No. Absolutely not. It’s not even close. Indeed, Bates’ decree is almost comically unconstitutional.
This issue was settled in 1943’s West Virginia State Board of Education v. Barnette, when the Supreme Court ruled that public schools cannot compel Jehovah’s Witnesses to salute the flag during the pledge of allegiance. In his iconic opinion, Justice Robert H. Jackson explained that “symbolism is a primitive but effective way of communicating ideas” that deserves robust First Amendment protection. He then dismissed the notion that public schools may force students to express symbolic patriotism—in an admonition that Bates would do well to heed:
To believe that patriotism will not flourish if patriotic ceremonies are voluntary and spontaneous instead of a compulsory routine is to make an unflattering estimate of the appeal of our institutions to free minds. … [F]reedom to differ is not limited to things that do not matter much. That would be a mere shadow of freedom. The test of its substance is the right to differ as to things that touch the heart of the existing order.
In perhaps the most famous passage in all First Amendment jurisprudence, Jackson also laid down the core free speech principle, one that applies equally to Jehovah’s Witnesses during World War II and Parkway students today:
If there is any fixed star in our constitutional constellation, it is that no official, high or petty, can prescribe what shall be orthodox in politics, nationalism, religion, or other matters of opinion or force citizens to confess by word or act their faith therein. If there are any circumstances which permit an exception, they do not now occur to us.
Barnette alone demonstrates why Bates’ threat is egregiously unconstitutional. But in case there is any lingering doubt, the Supreme Court reaffirmed and clarified the First Amendment rights of public school students in 1969’s Tinker v. Des Moines Independent Community School District. In Tinker, a public school had suspended several students for wearing black armbands to class in protest of the Vietnam War. The students challenged their suspension, and the Supreme Court held that, as a general rule, public schools may not censor students’ political expression. These students, the court asserted, do not “shed their constitutional rights to freedom of speech or expression at the schoolhouse gate.” As this language suggests, Barnette and Tinker apply to school-sponsored on-campus activities (like sports), not merely to the classroom.

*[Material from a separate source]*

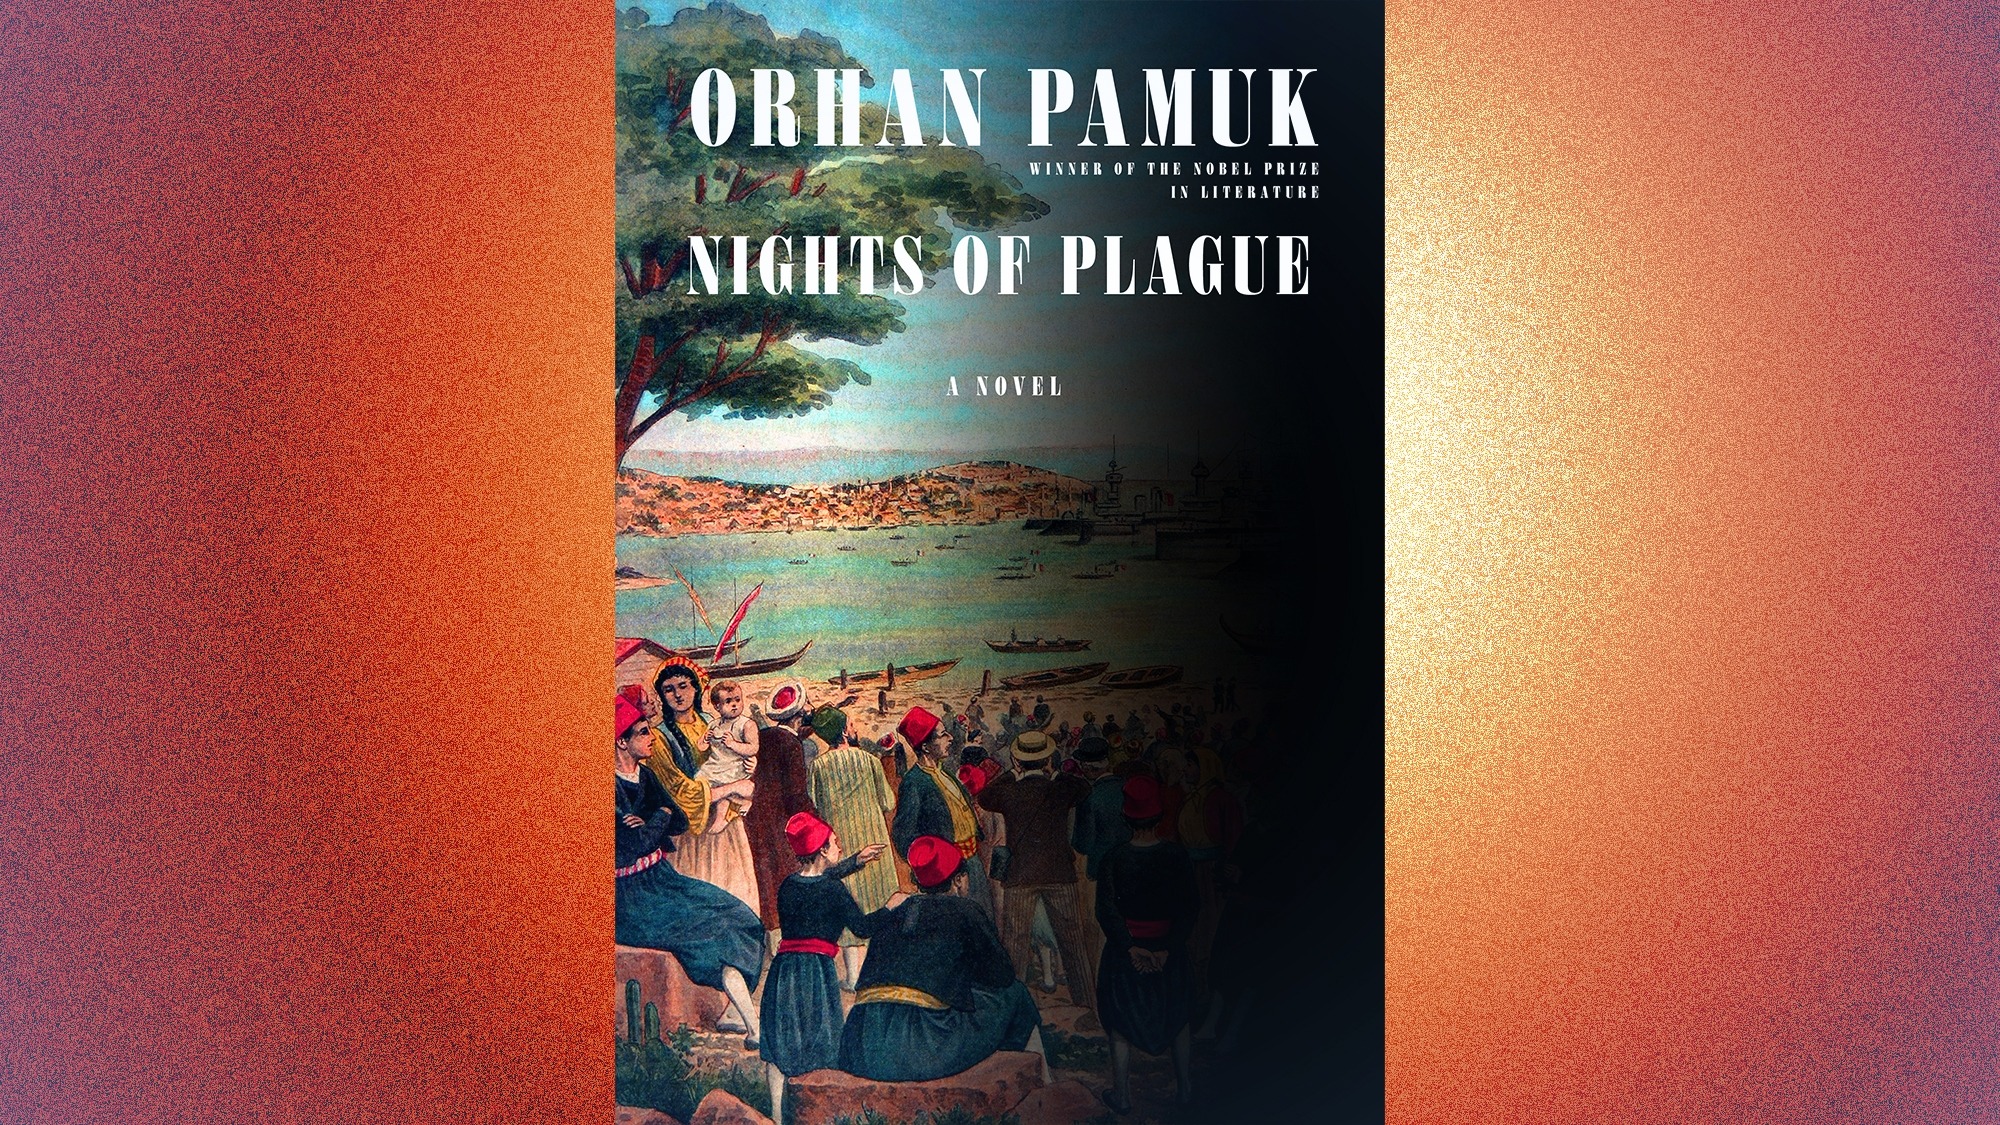 Nights Of Plague by Orhan Pamuk, translated by Ekin Oklap (October 4, Knopf)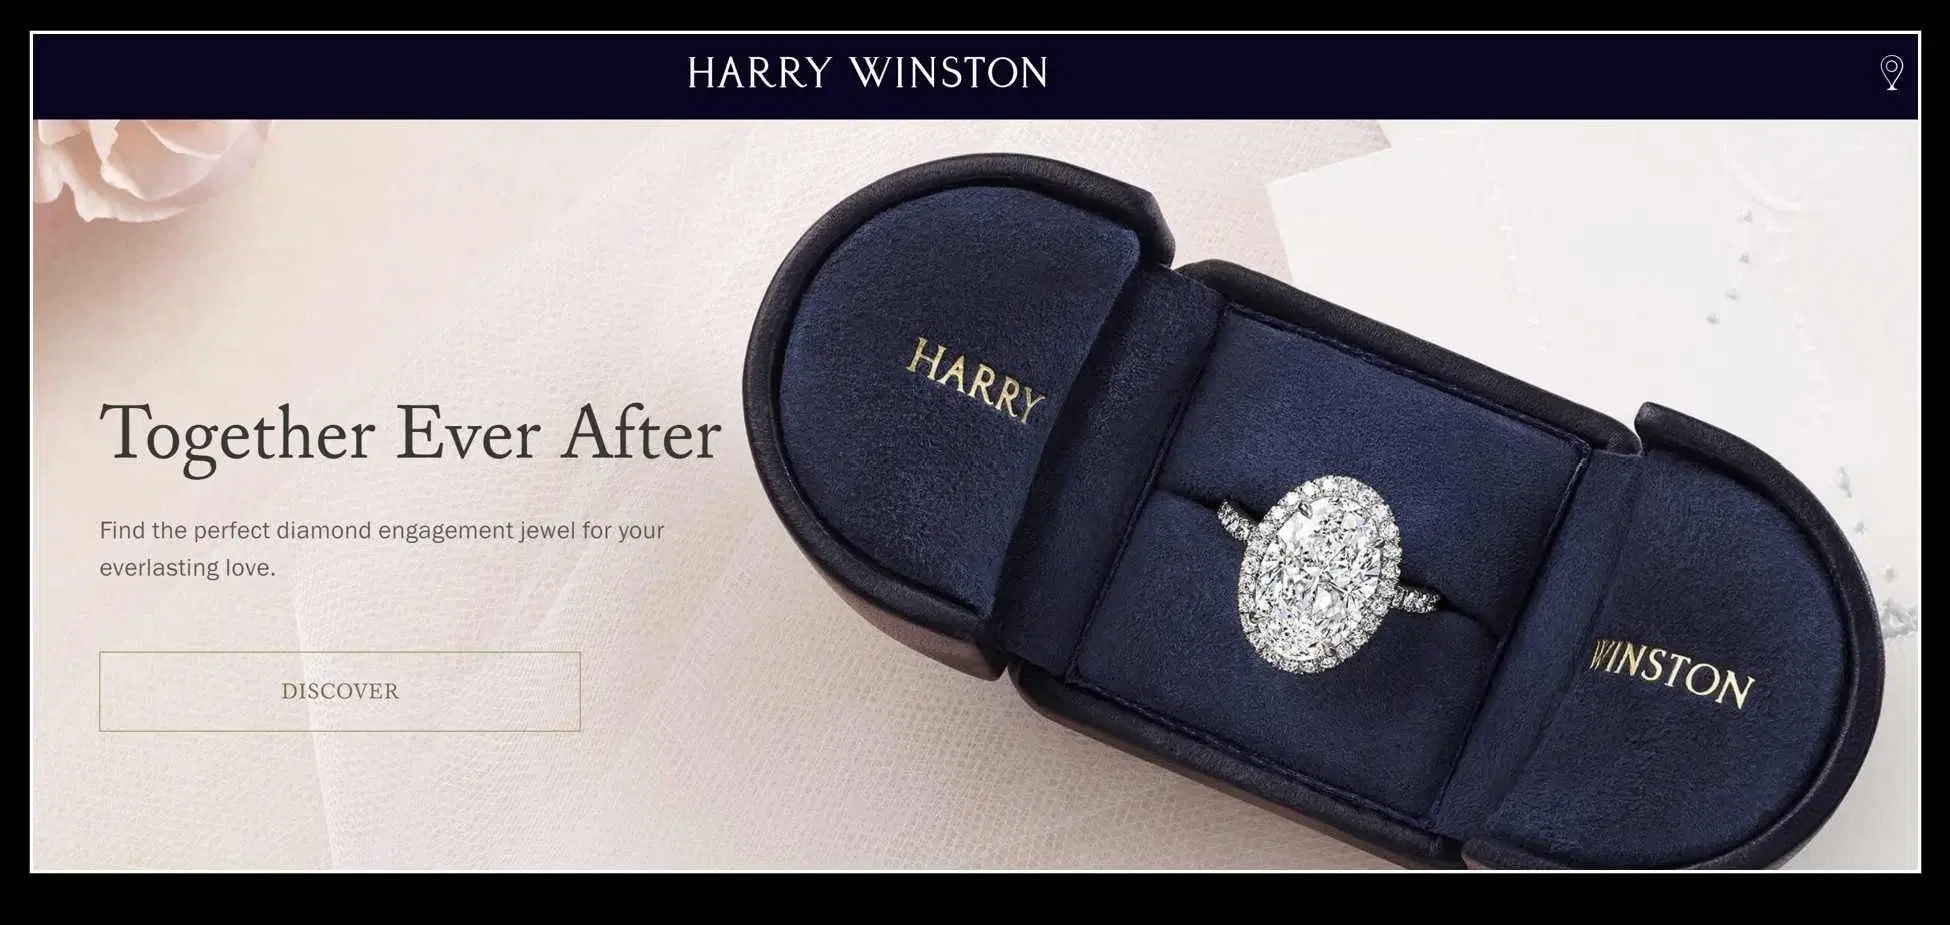 Harry Winston Review [Diamonds & Fine Jewelry Too Pricy?]

Tinker made exceptions for expression that “materially disrupts classwork” or “involves substantial disorder or invasion of the rights of others.” Perhaps in a sop to this section, Bates’ letter implied that taking a knee would somehow be “disruptive.” It’s difficult to see how brief, silent protest could be disruptive at all, but regardless, it is certainly not disruptive within the meaning of Tinker. Sure, some observers and players may be irate. But the Tinker test focuses on disruption caused by speakers, not disruption caused by those who react to them.
Nearly 75 years of celebrated precedent prove that Bates is censoring his student-athletes in violation of the First Amendment by attempting to forbid them from taking a knee. There is no room for debate on this point. The Constitution flatly bars Parkway High School from prohibiting this form of political expression. No official, high or petty, can prevent these students from kneeling during the anthem. It really is that simple.